Alternatively, the graph can be looked at in three dimensions:

hatlas$layout <- layout.fruchterman.reingold(hatlas, dim=3)
plot.graph(hatlas,Val = 3, simple.name= F,scol= "blue",sign= T, dimension= 2,cex=0.6)

It is frequently the case that the ribosomal reads dominate the functional classifications. To eliminate the ribosomal reads from consideration, enabling a re-scaling of the other categories, type:

hatlas$data[963,]=0.

7.2. Top 100 functional categories¶

In this first section, we examine the functional categories with the most reads mapping to them across DNA sequenced across seven microbiomes and mRNA sequenced across two eukarotic marine samples. Functional categories will attract more reads for several reasons: first, because there may be many reads in them (eg. the citric acid cycle); second, because the genes may be highly conserved across numerous organisms (eg. the ribosome); and third, because the gene may be highly expressed in a particular microbial environment (eg. photosystem II). The seven groups of DNA sequenced across seven microbiomes include three groups from the human microbiome data shown early, grouped into the skin (ear and nose), the mouth, and ‘cavities’, which includes stool samples and vaginal samples. It also includes the environmental microbiomes, grouped into four categories; soils, fresh water, salt water, and fermented samples. The two transcriptome samples were the green algae and dinoflagellates from the eukaryotic marine algae transcriptome project, sponsored by the Moore foundation and sequenced at NCGR.

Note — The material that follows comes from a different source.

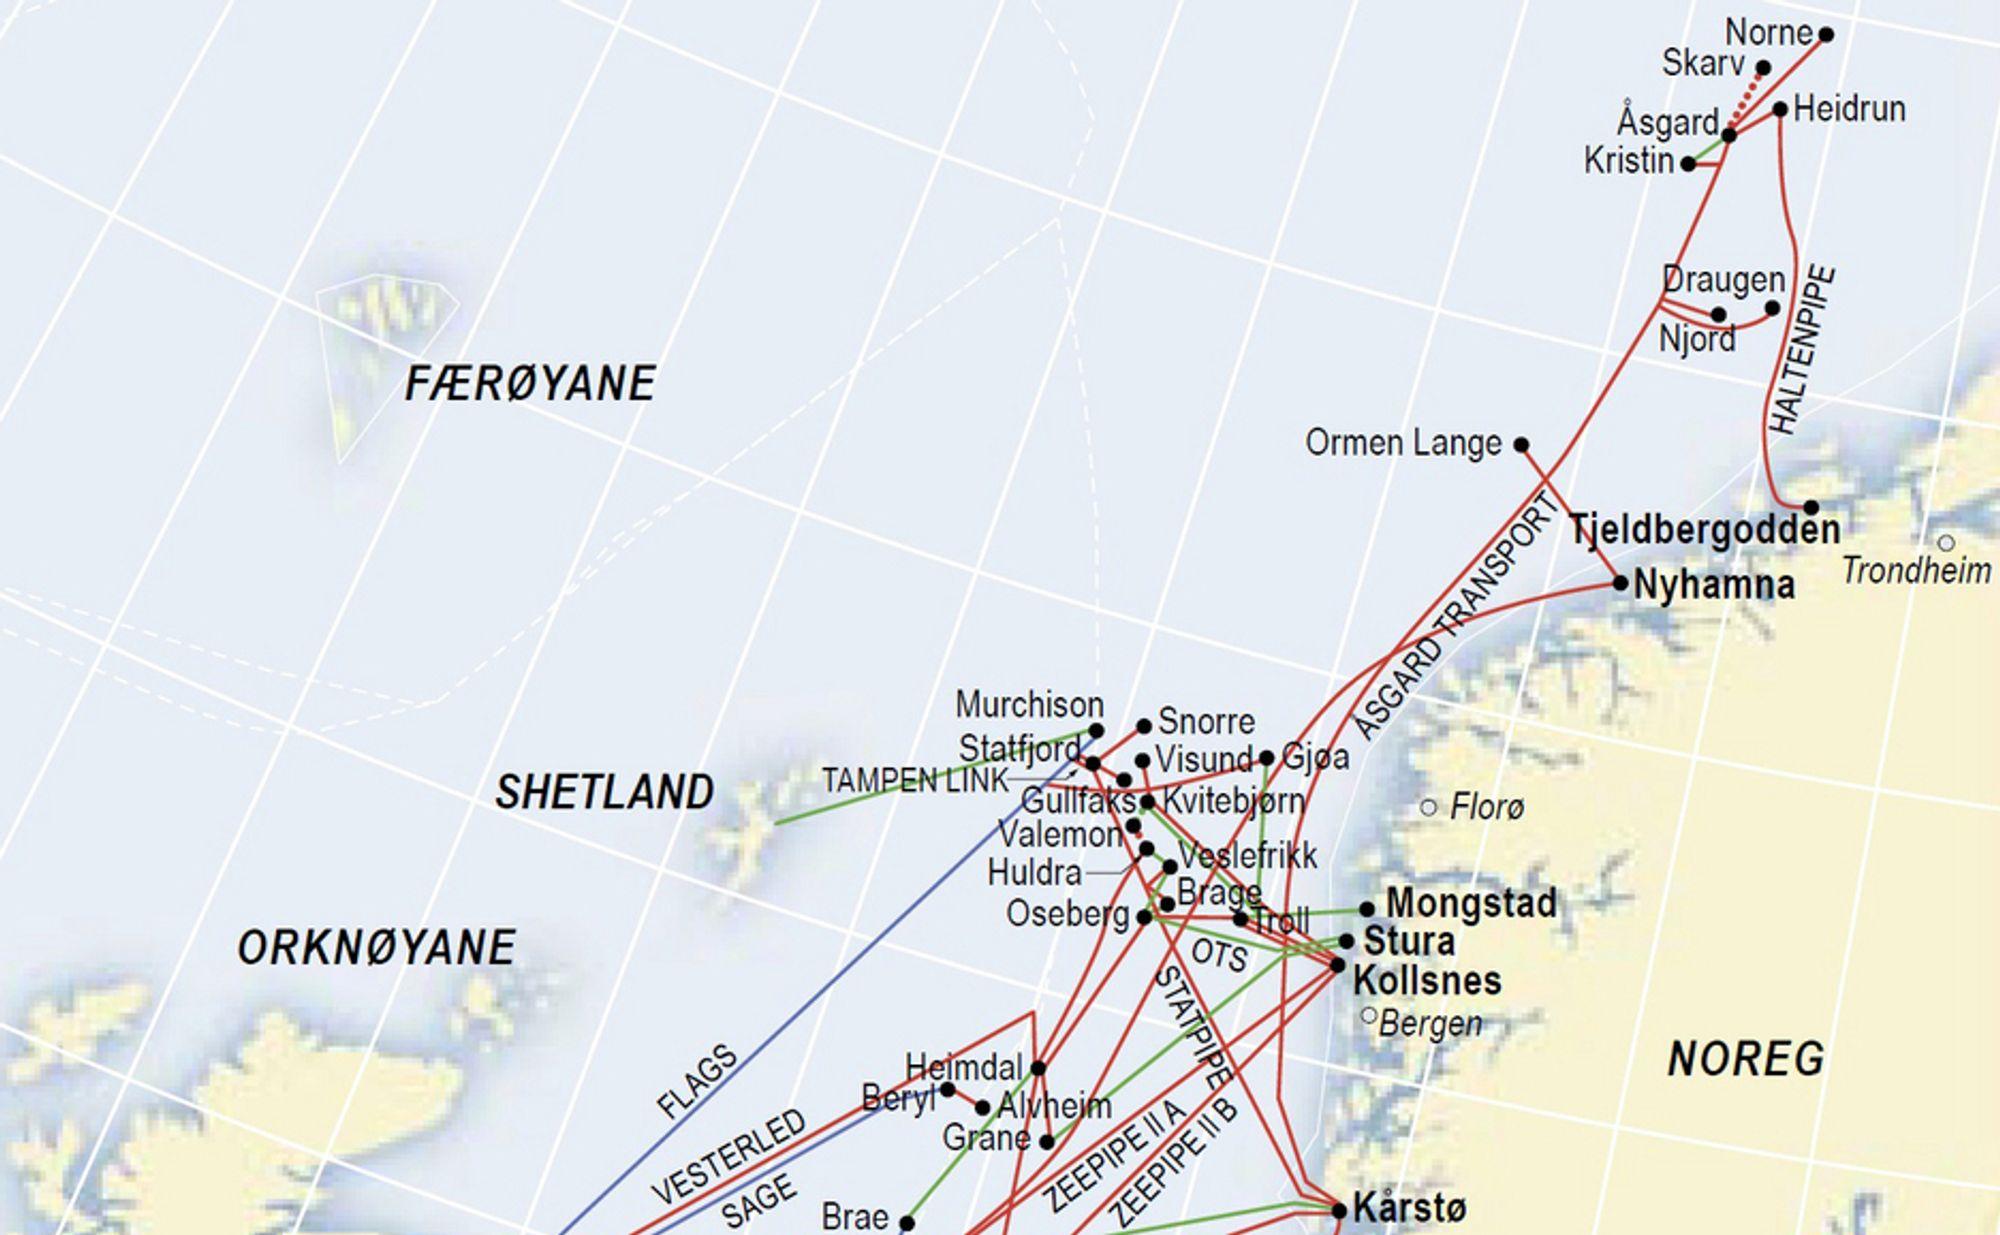 Dagens gassinfrastruktur på sokkelen stopper i Norskehavet. Regjeringen vil ha rør helt  til Barentshavet for å sikre Norges posisjon som en viktig gasseksportør.
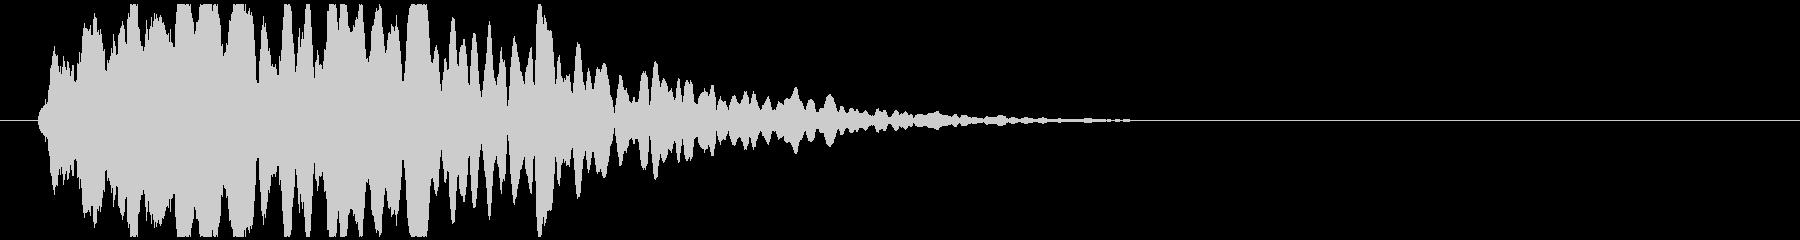 透明感のある衝突音(D4)の未再生の波形

The goal of this section is to provide an understanding of how 10 percent of the more important functional categories are defined, represented in a variety of microbial environments, and relate to some of the other community resources available for functional annotation of proteins. We plot them in groups of ten, with the y-axis labeled in parts per thousand, and skipping the most prevalent functional category, si_0962, the large and small subunits of the ribosome.